▶ **EXERCISE DETAILS**
Your output is to hold only the lines from the one showing "История, правила и" through the end of the listing, exactly, with every picture excluded.

____ RAW DATA

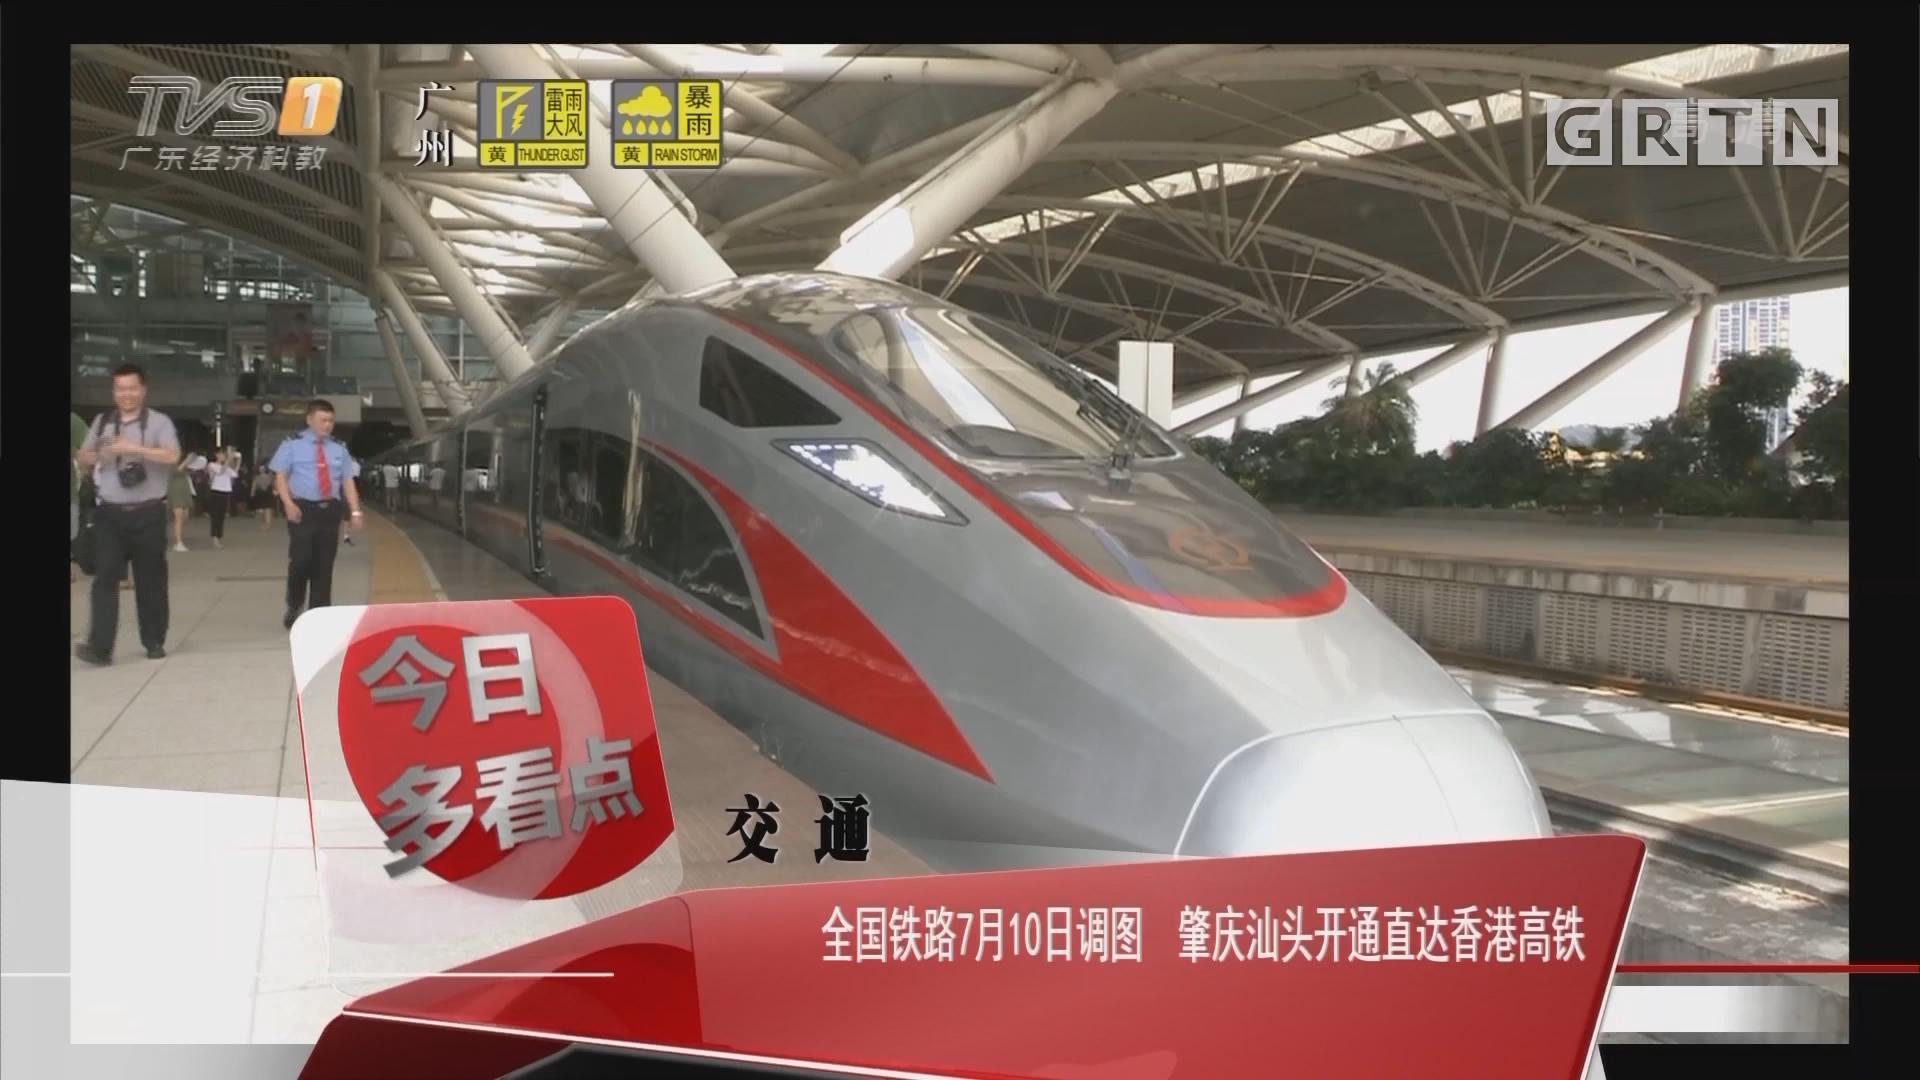 交通:全国铁路7月10日调图 肇庆汕头开通直达香港高铁
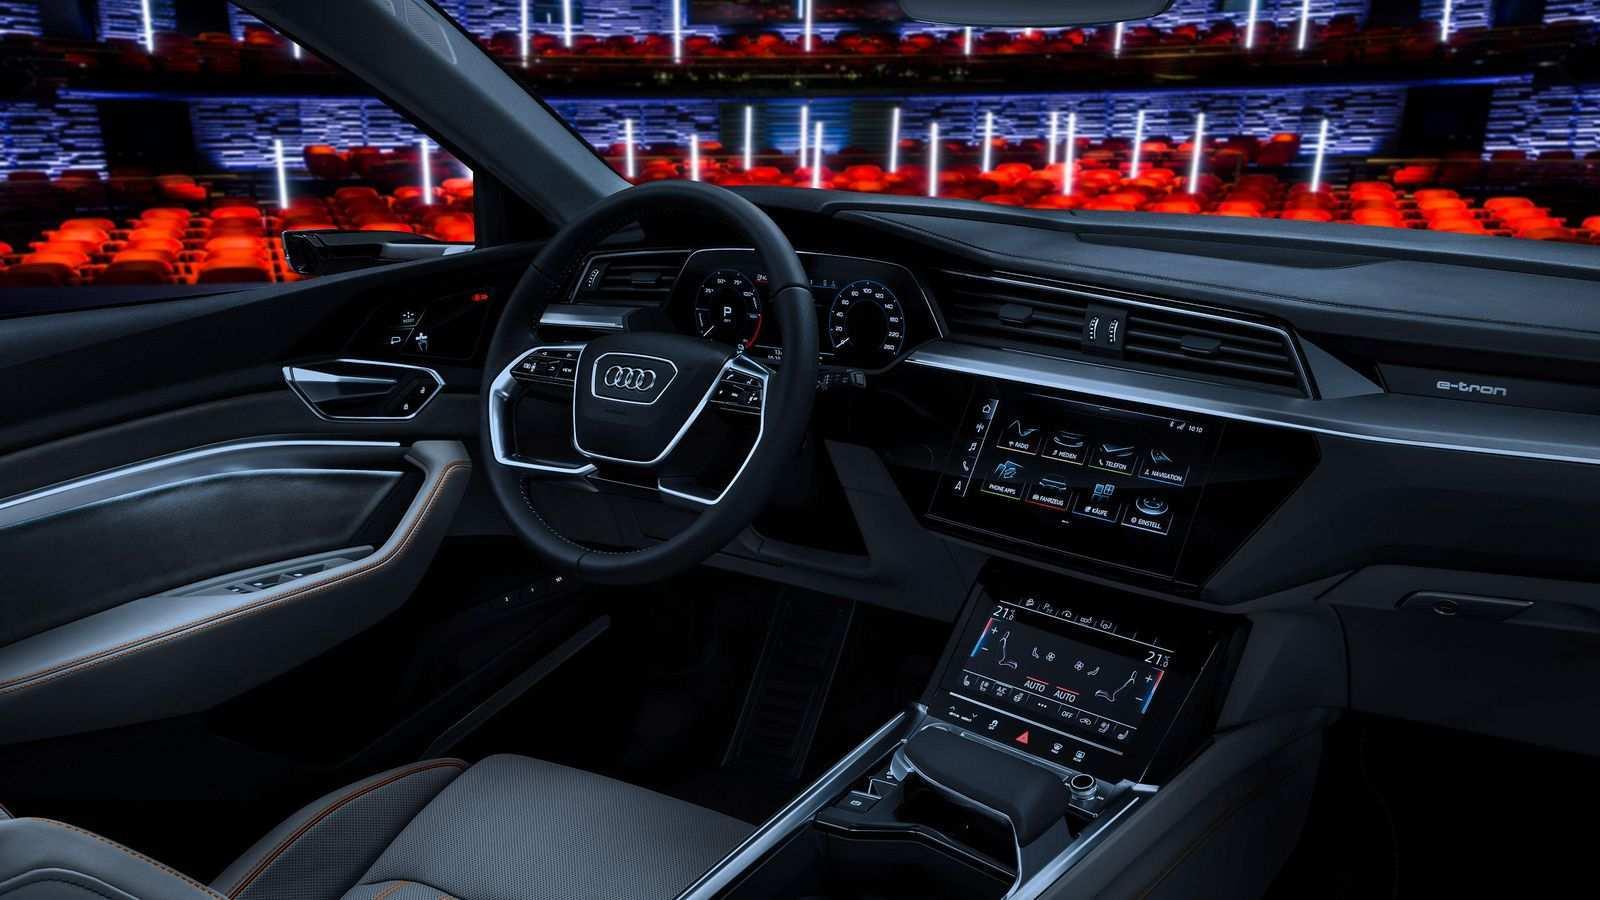 91 New 2020 Audi Q3 Interior Performance for 2020 Audi Q3 Interior
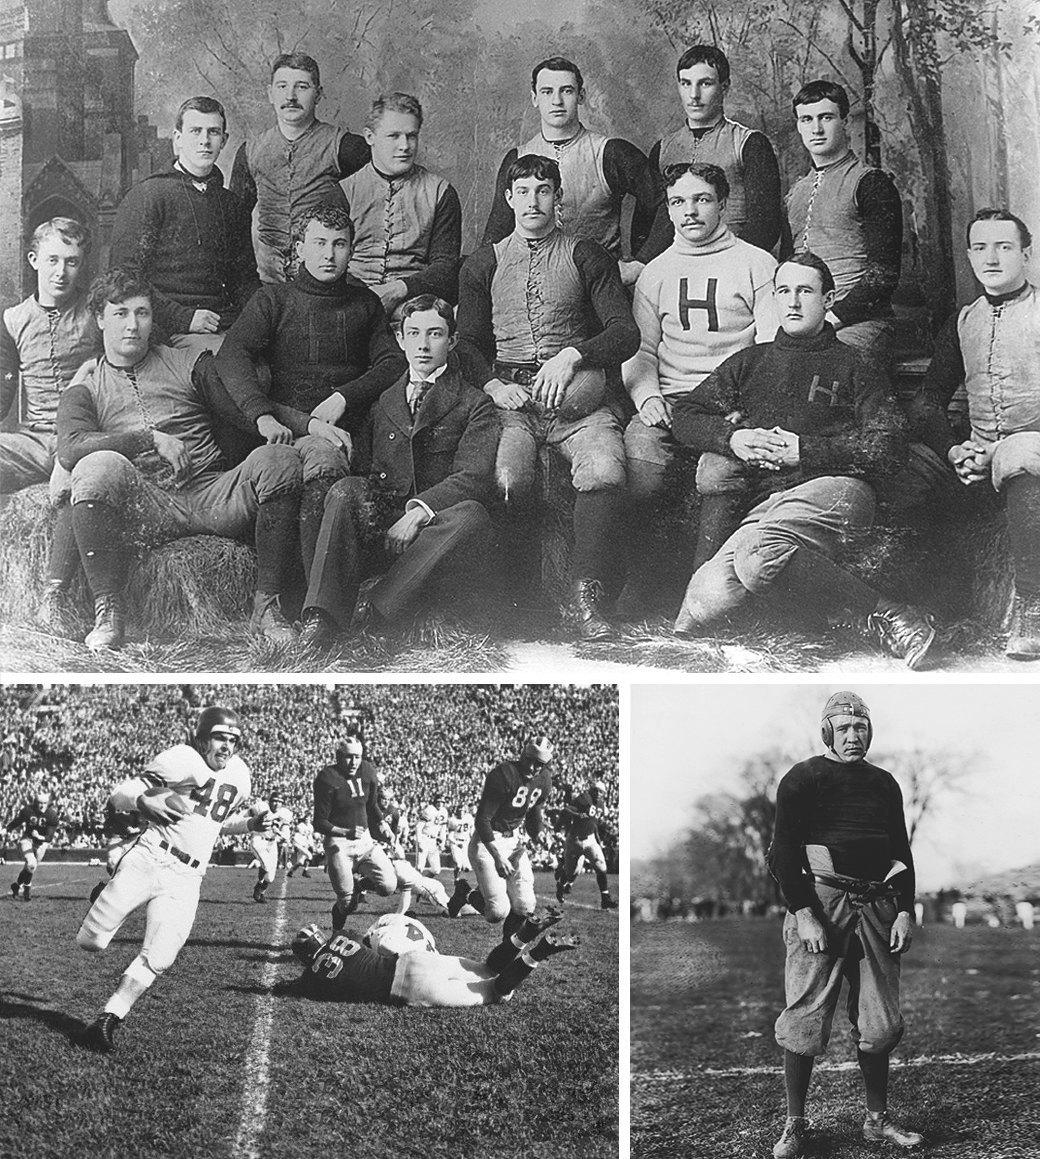 История, правила и команды американского футбола. Изображение № 2.
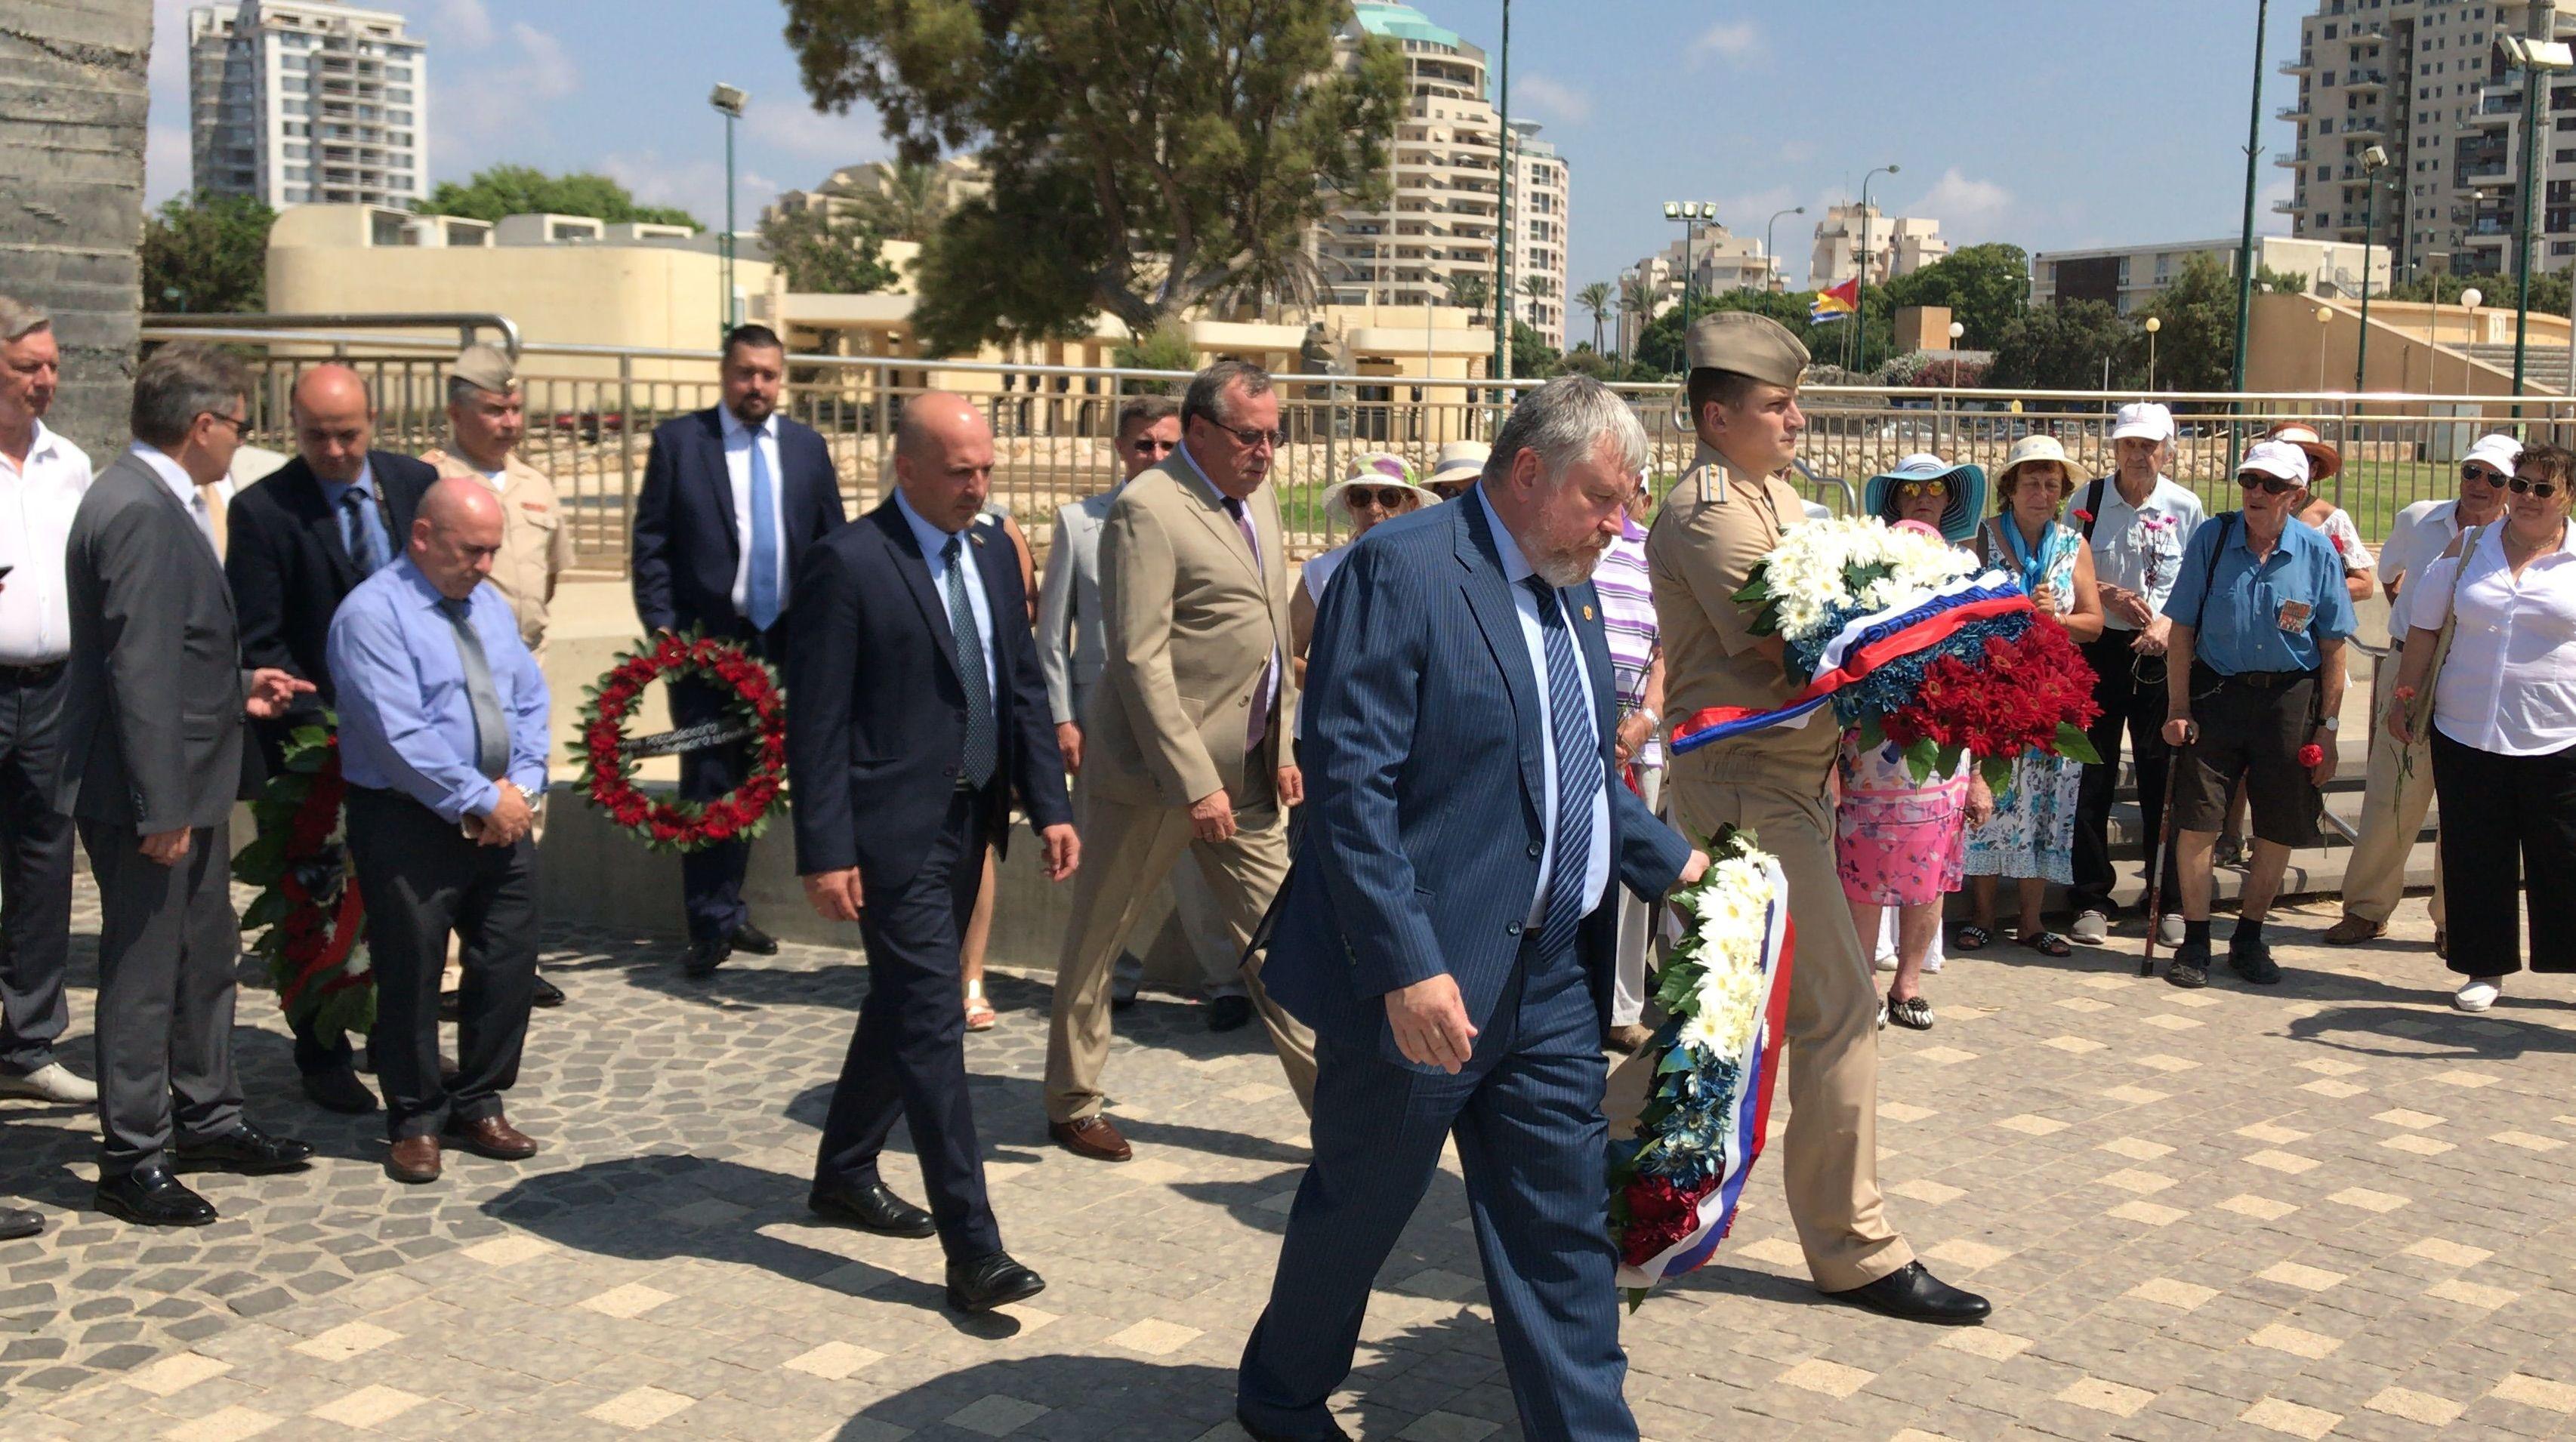 """Uczestnicy forum """"Przestrzeń Pamięci"""" złożyli wieńce pod pomnikiem """"Skrzydła"""", aby upamiętnić Zwycięstwo Armii Czerwonej nad nazistowskimi Niemcami w miejscowości Netanja."""

________

▶ **SOLUTION TO THIS EXERCISE**
 История, правила и команды американского футбола. Изображение № 2.
 """Uczestnicy forum """"Przestrzeń Pamięci"""" złożyli wieńce pod pomnikiem """"Skrzydła"""", aby upamiętnić Zwycięstwo Armii Czerwonej nad nazistowskimi Niemcami w miejscowości Netanja."""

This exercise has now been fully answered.